I work with a TitanX (1080gtx) Nvidia card. I imagine people with RTX series will get even faster and better results.
Highlights:
-
Alpha doing “light wrap” over the pre-rendered background in an image sequence (otherwise, you can’t light wrap in realtime animation (not until we get Render Layers, or Shader to AOV in realtime)
-
RGB channels can be split, blurred and grained individually. They work well in this proof of concept for fringing edges. To make it better: Posterize and Sharpen must be added in the compositor tree
-
Screen space effects affects how you “grain” and how you “blur”. It looks fantastic at a certain zoom level in the camera viewport, but when rendered, the blur or highlights can be lost. Calculate based on final render.
-
Render layers are an absolutely must, to separate lights and shadows in the realtime compositor. I believe that would be the definitive step to creating high quality stylized anime in Blender 3.5+
Blender 3.5 Realtime compositor:
After Effects compositing and effects:
This is how it looks in the viewport for Blender 3.5 with Realtime Compositor active for CAMERA (Top left side editor):
This is a short camera test (not really aiming for full animation, it was a test for light wrap as mentioned above):
The Compositing tree. notice how the alpha edges are mixed with the background, a necessary step when doing Light-wrap for characters.

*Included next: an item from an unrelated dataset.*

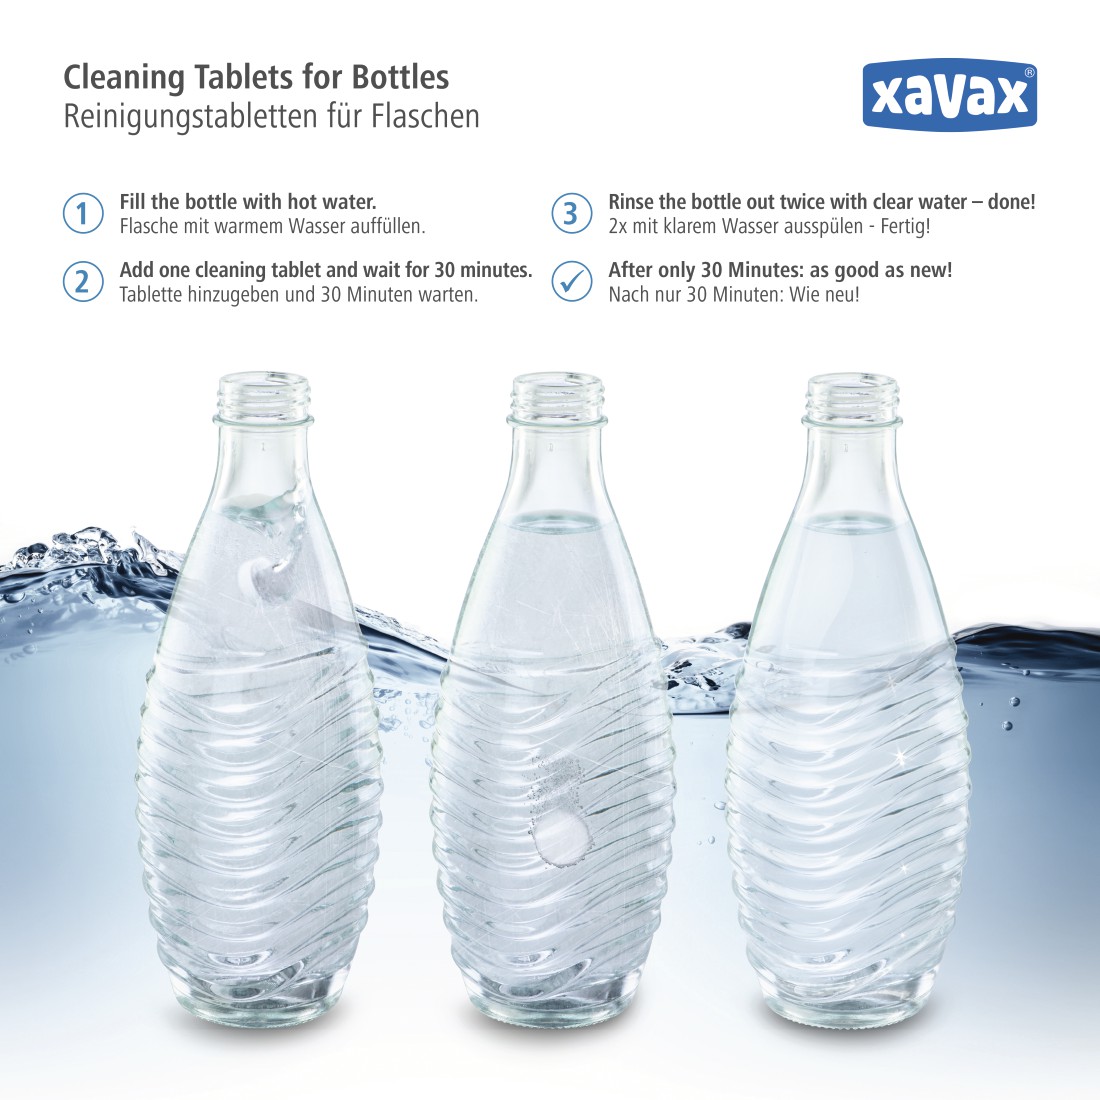 awx Druckfähige Anwendung - Xavax, Reinigungstabletten für Flaschen, 20 Stück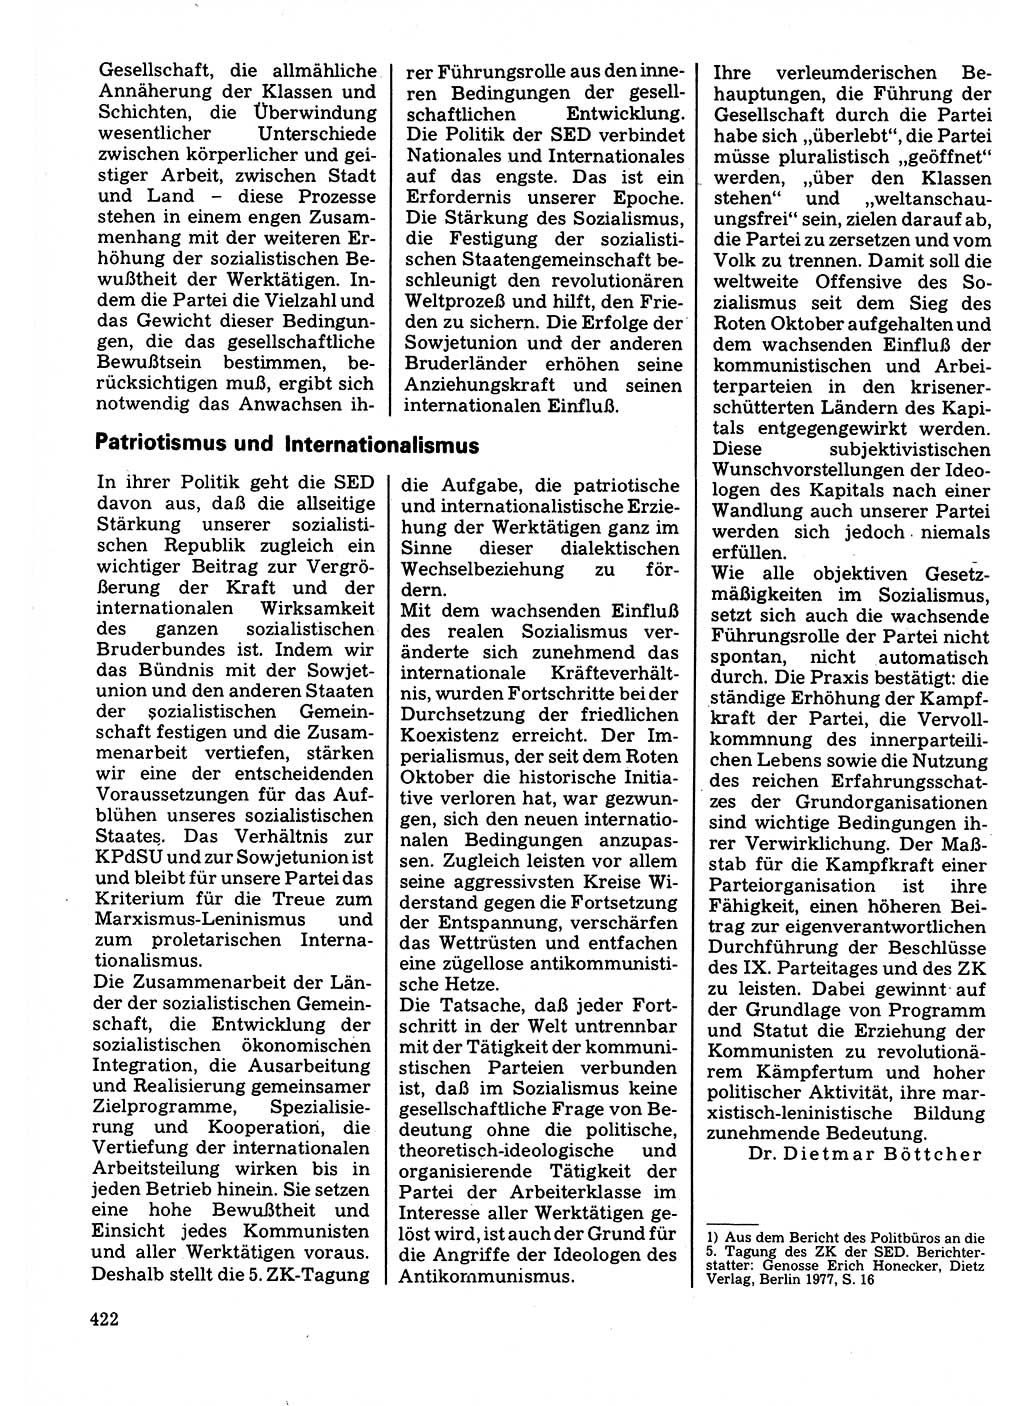 Neuer Weg (NW), Organ des Zentralkomitees (ZK) der SED (Sozialistische Einheitspartei Deutschlands) für Fragen des Parteilebens, 32. Jahrgang [Deutsche Demokratische Republik (DDR)] 1977, Seite 422 (NW ZK SED DDR 1977, S. 422)

Also, you may notice 2 different compositing trees: I experimented with different filters for the anime look.
As a peer compositor used to say when I asked “why so many nodes”? -He’d say “Nodes are free”.
I have also been looking at stable diffusion using Blender, to get depth information generated from 3D. So far, I’ve gotten these results with Stable Diffusion 2.1 and a 1.4 CKPT custom trained model.
I want to share how cool it is to use ai for your OWN artwork. It’s a world-changing perspective.
Let me know if you want to see more experiments with this model.
Thanks!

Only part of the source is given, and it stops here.